(Beginning of Given information)

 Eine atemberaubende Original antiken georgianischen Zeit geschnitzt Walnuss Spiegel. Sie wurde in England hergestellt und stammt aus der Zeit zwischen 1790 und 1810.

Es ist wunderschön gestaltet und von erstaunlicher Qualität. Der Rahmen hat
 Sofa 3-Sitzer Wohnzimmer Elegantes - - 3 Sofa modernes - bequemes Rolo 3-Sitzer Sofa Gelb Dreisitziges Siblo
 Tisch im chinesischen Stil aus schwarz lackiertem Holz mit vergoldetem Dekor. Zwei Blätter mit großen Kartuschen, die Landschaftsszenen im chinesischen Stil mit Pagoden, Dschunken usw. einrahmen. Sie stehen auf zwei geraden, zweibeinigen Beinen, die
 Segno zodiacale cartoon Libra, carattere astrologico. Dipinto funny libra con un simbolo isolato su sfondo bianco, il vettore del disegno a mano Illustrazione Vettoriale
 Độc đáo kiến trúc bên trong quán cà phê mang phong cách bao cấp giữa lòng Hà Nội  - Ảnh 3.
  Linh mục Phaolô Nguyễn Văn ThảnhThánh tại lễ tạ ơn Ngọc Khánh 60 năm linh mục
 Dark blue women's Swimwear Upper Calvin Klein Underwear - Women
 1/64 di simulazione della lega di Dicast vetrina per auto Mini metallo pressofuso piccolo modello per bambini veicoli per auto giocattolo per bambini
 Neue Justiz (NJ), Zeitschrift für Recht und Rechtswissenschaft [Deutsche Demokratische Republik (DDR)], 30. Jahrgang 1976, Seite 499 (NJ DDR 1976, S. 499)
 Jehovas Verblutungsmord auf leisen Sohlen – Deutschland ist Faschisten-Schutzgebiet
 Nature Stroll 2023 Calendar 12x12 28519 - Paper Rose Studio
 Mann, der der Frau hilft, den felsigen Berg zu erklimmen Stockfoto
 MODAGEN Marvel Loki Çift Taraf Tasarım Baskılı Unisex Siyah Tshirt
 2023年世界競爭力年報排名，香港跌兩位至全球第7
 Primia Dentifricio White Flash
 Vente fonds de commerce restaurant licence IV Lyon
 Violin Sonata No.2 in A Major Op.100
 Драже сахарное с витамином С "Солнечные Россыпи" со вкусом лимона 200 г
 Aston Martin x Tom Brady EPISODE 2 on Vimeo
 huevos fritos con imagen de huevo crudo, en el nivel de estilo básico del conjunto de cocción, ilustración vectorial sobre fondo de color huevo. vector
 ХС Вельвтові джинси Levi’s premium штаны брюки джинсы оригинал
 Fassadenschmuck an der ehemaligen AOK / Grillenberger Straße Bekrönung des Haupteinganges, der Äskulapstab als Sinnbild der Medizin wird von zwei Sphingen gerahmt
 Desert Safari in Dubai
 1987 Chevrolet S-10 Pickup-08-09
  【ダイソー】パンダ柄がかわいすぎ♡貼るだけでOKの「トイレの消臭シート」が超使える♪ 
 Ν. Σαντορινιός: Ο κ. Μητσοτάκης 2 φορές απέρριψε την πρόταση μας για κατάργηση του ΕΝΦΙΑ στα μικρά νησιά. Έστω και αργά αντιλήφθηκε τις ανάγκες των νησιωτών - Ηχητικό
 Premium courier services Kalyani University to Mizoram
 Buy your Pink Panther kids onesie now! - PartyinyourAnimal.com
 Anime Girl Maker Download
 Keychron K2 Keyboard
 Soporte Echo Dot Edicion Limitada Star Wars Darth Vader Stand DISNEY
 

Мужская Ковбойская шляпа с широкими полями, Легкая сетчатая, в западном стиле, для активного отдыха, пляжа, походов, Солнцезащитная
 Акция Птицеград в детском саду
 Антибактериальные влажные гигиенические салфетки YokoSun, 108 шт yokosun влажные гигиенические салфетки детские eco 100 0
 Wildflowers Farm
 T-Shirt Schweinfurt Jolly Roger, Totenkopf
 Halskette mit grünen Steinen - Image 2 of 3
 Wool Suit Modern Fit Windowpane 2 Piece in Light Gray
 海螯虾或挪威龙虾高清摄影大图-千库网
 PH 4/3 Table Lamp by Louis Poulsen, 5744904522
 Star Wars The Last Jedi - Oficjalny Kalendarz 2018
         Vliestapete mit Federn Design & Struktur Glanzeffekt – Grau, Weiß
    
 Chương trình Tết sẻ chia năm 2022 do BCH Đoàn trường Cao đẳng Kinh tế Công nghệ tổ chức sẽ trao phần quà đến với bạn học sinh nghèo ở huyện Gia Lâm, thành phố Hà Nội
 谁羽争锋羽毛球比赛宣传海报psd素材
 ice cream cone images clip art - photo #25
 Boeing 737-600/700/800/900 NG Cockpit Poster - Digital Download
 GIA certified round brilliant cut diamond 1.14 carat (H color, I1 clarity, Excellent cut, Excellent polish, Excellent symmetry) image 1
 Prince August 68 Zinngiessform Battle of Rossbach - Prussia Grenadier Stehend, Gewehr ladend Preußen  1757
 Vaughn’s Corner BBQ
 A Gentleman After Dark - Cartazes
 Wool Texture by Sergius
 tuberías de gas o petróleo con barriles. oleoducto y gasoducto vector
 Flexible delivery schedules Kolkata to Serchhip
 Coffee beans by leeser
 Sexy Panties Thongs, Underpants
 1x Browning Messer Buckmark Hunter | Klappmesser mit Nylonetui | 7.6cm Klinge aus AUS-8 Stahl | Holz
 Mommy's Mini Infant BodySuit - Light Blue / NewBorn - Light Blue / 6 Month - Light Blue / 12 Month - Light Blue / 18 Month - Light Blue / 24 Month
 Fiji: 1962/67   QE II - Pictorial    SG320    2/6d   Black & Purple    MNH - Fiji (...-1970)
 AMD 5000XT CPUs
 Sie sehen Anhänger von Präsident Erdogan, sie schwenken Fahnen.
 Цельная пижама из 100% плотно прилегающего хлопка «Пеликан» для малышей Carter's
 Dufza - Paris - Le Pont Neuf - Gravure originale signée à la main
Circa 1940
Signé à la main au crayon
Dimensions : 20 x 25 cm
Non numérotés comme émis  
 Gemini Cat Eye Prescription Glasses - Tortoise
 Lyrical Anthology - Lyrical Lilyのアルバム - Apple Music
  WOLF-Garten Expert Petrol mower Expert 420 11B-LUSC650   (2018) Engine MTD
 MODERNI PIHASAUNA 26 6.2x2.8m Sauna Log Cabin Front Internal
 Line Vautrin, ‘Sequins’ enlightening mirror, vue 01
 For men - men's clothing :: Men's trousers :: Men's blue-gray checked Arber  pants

(End of Given information)

- What you have to do
Copy the material above verbatim.

- The completed task
 Eine atemberaubende Original antiken georgianischen Zeit geschnitzt Walnuss Spiegel. Sie wurde in England hergestellt und stammt aus der Zeit zwischen 1790 und 1810.

Es ist wunderschön gestaltet und von erstaunlicher Qualität. Der Rahmen hat
 Sofa 3-Sitzer Wohnzimmer Elegantes - - 3 Sofa modernes - bequemes Rolo 3-Sitzer Sofa Gelb Dreisitziges Siblo
 Tisch im chinesischen Stil aus schwarz lackiertem Holz mit vergoldetem Dekor. Zwei Blätter mit großen Kartuschen, die Landschaftsszenen im chinesischen Stil mit Pagoden, Dschunken usw. einrahmen. Sie stehen auf zwei geraden, zweibeinigen Beinen, die
 Segno zodiacale cartoon Libra, carattere astrologico. Dipinto funny libra con un simbolo isolato su sfondo bianco, il vettore del disegno a mano Illustrazione Vettoriale
 Độc đáo kiến trúc bên trong quán cà phê mang phong cách bao cấp giữa lòng Hà Nội  - Ảnh 3.
  Linh mục Phaolô Nguyễn Văn ThảnhThánh tại lễ tạ ơn Ngọc Khánh 60 năm linh mục
 Dark blue women's Swimwear Upper Calvin Klein Underwear - Women
 1/64 di simulazione della lega di Dicast vetrina per auto Mini metallo pressofuso piccolo modello per bambini veicoli per auto giocattolo per bambini
 Neue Justiz (NJ), Zeitschrift für Recht und Rechtswissenschaft [Deutsche Demokratische Republik (DDR)], 30. Jahrgang 1976, Seite 499 (NJ DDR 1976, S. 499)
 Jehovas Verblutungsmord auf leisen Sohlen – Deutschland ist Faschisten-Schutzgebiet
 Nature Stroll 2023 Calendar 12x12 28519 - Paper Rose Studio
 Mann, der der Frau hilft, den felsigen Berg zu erklimmen Stockfoto
 MODAGEN Marvel Loki Çift Taraf Tasarım Baskılı Unisex Siyah Tshirt
 2023年世界競爭力年報排名，香港跌兩位至全球第7
 Primia Dentifricio White Flash
 Vente fonds de commerce restaurant licence IV Lyon
 Violin Sonata No.2 in A Major Op.100
 Драже сахарное с витамином С "Солнечные Россыпи" со вкусом лимона 200 г
 Aston Martin x Tom Brady EPISODE 2 on Vimeo
 huevos fritos con imagen de huevo crudo, en el nivel de estilo básico del conjunto de cocción, ilustración vectorial sobre fondo de color huevo. vector
 ХС Вельвтові джинси Levi’s premium штаны брюки джинсы оригинал
 Fassadenschmuck an der ehemaligen AOK / Grillenberger Straße Bekrönung des Haupteinganges, der Äskulapstab als Sinnbild der Medizin wird von zwei Sphingen gerahmt
 Desert Safari in Dubai
 1987 Chevrolet S-10 Pickup-08-09
  【ダイソー】パンダ柄がかわいすぎ♡貼るだけでOKの「トイレの消臭シート」が超使える♪ 
 Ν. Σαντορινιός: Ο κ. Μητσοτάκης 2 φορές απέρριψε την πρόταση μας για κατάργηση του ΕΝΦΙΑ στα μικρά νησιά. Έστω και αργά αντιλήφθηκε τις ανάγκες των νησιωτών - Ηχητικό
 Premium courier services Kalyani University to Mizoram
 Buy your Pink Panther kids onesie now! - PartyinyourAnimal.com
 Anime Girl Maker Download
 Keychron K2 Keyboard
 Soporte Echo Dot Edicion Limitada Star Wars Darth Vader Stand DISNEY
 

Мужская Ковбойская шляпа с широкими полями, Легкая сетчатая, в западном стиле, для активного отдыха, пляжа, походов, Солнцезащитная
 Акция Птицеград в детском саду
 Антибактериальные влажные гигиенические салфетки YokoSun, 108 шт yokosun влажные гигиенические салфетки детские eco 100 0
 Wildflowers Farm
 T-Shirt Schweinfurt Jolly Roger, Totenkopf
 Halskette mit grünen Steinen - Image 2 of 3
 Wool Suit Modern Fit Windowpane 2 Piece in Light Gray
 海螯虾或挪威龙虾高清摄影大图-千库网
 PH 4/3 Table Lamp by Louis Poulsen, 5744904522
 Star Wars The Last Jedi - Oficjalny Kalendarz 2018
         Vliestapete mit Federn Design & Struktur Glanzeffekt – Grau, Weiß
    
 Chương trình Tết sẻ chia năm 2022 do BCH Đoàn trường Cao đẳng Kinh tế Công nghệ tổ chức sẽ trao phần quà đến với bạn học sinh nghèo ở huyện Gia Lâm, thành phố Hà Nội
 谁羽争锋羽毛球比赛宣传海报psd素材
 ice cream cone images clip art - photo #25
 Boeing 737-600/700/800/900 NG Cockpit Poster - Digital Download
 GIA certified round brilliant cut diamond 1.14 carat (H color, I1 clarity, Excellent cut, Excellent polish, Excellent symmetry) image 1
 Prince August 68 Zinngiessform Battle of Rossbach - Prussia Grenadier Stehend, Gewehr ladend Preußen  1757
 Vaughn’s Corner BBQ
 A Gentleman After Dark - Cartazes
 Wool Texture by Sergius
 tuberías de gas o petróleo con barriles. oleoducto y gasoducto vector
 Flexible delivery schedules Kolkata to Serchhip
 Coffee beans by leeser
 Sexy Panties Thongs, Underpants
 1x Browning Messer Buckmark Hunter | Klappmesser mit Nylonetui | 7.6cm Klinge aus AUS-8 Stahl | Holz
 Mommy's Mini Infant BodySuit - Light Blue / NewBorn - Light Blue / 6 Month - Light Blue / 12 Month - Light Blue / 18 Month - Light Blue / 24 Month
 Fiji: 1962/67   QE II - Pictorial    SG320    2/6d   Black & Purple    MNH - Fiji (...-1970)
 AMD 5000XT CPUs
 Sie sehen Anhänger von Präsident Erdogan, sie schwenken Fahnen.
 Цельная пижама из 100% плотно прилегающего хлопка «Пеликан» для малышей Carter's
 Dufza - Paris - Le Pont Neuf - Gravure originale signée à la main
Circa 1940
Signé à la main au crayon
Dimensions : 20 x 25 cm
Non numérotés comme émis  
 Gemini Cat Eye Prescription Glasses - Tortoise
 Lyrical Anthology - Lyrical Lilyのアルバム - Apple Music
  WOLF-Garten Expert Petrol mower Expert 420 11B-LUSC650   (2018) Engine MTD
 MODERNI PIHASAUNA 26 6.2x2.8m Sauna Log Cabin Front Internal
 Line Vautrin, ‘Sequins’ enlightening mirror, vue 01
 For men - men's clothing :: Men's trousers :: Men's blue-gray checked Arber  pants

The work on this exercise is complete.